II. Overview and motivation
Design for manufacture and assembly analysis and synthesis is, as with many design process methods, applicable during many phases of a product design process. It can be used in benchmarking analysis as in Chapters 6 and 7, in simplifying new concepts not yet built, and in simplifying fully embodied designs.
There are two components, design for manufacture and design for assembly. Design for manufacture CD FM) entails making piece parts easier to produce from raw stock. For example, one can make a plastic part easier to injection mold by changing its draft angle-the angle formed by the difference in wall thickness from the part at the inside of a mold compared with the wall thickness at the end of the mold. Small draft angles make for difficult part ejection. Design for manufacture involves application of part-forming models, whether they are basic rules, analytic formulas, or complex finite element process simulations.

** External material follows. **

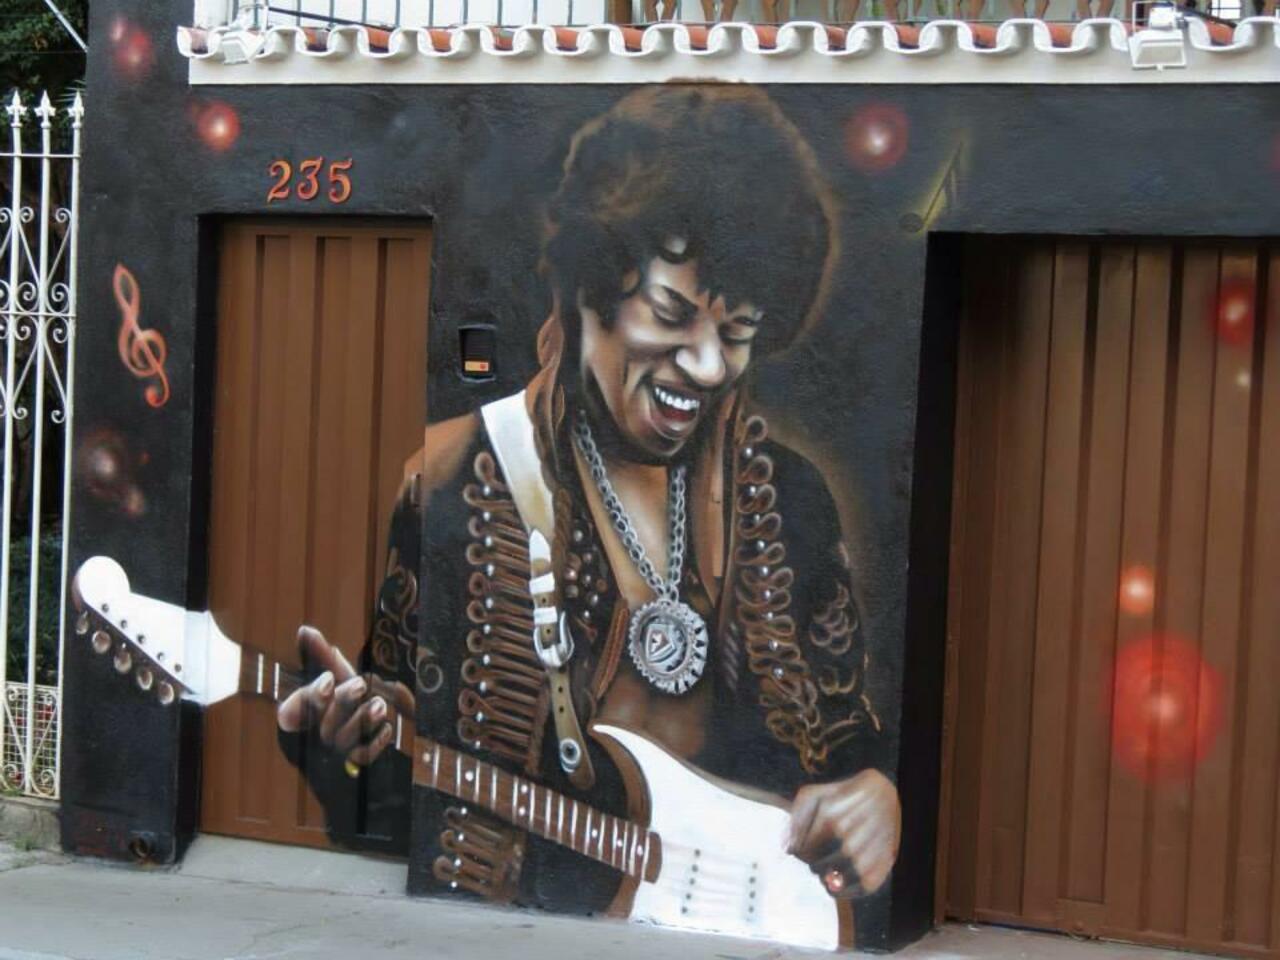 Jimi Hendrix Street Art by Nilo Zack 

#art #arte #graffiti #streetart http://t.co/tWqEss68sQ

Design for assembly entails making attachment directions and methods simpler, for example, making a part easy to attach by using snap fits instead of machine screws.
Satellites used in exploratory NASA interplanetary missions, for example, have systems that must work; saving even thousands of dollars on assembly or part cost is meaningless. What is important, however, is reliability. Any design activity that can increase reliability will be applied, and this again is a benefit of design for manufacture and assembly. For example, Motorola conducted a study showing that application of design for manufacture and assembly reduced their failure rates as shown in Figure 14.2. The reason behind this increase in reliability is basically that if the production process is simplified, then there is less opportunity for outright errors.
III. Basic method: design guidelines
The most basic approach to design for manufacture and assembly is to apply design guidelines. After developing a design concept, one should examine it on each of the design guidelines and change the design to make it satisfy the guideline.
A note on design guidelines: Like all guidelines, they are heuristics that generally hold true. To every rule there are exceptions, and that holds true here as well. One should use design guidelines with an under-standing of the design goals, and ensure that application of the guideline improves the design concept on those goals.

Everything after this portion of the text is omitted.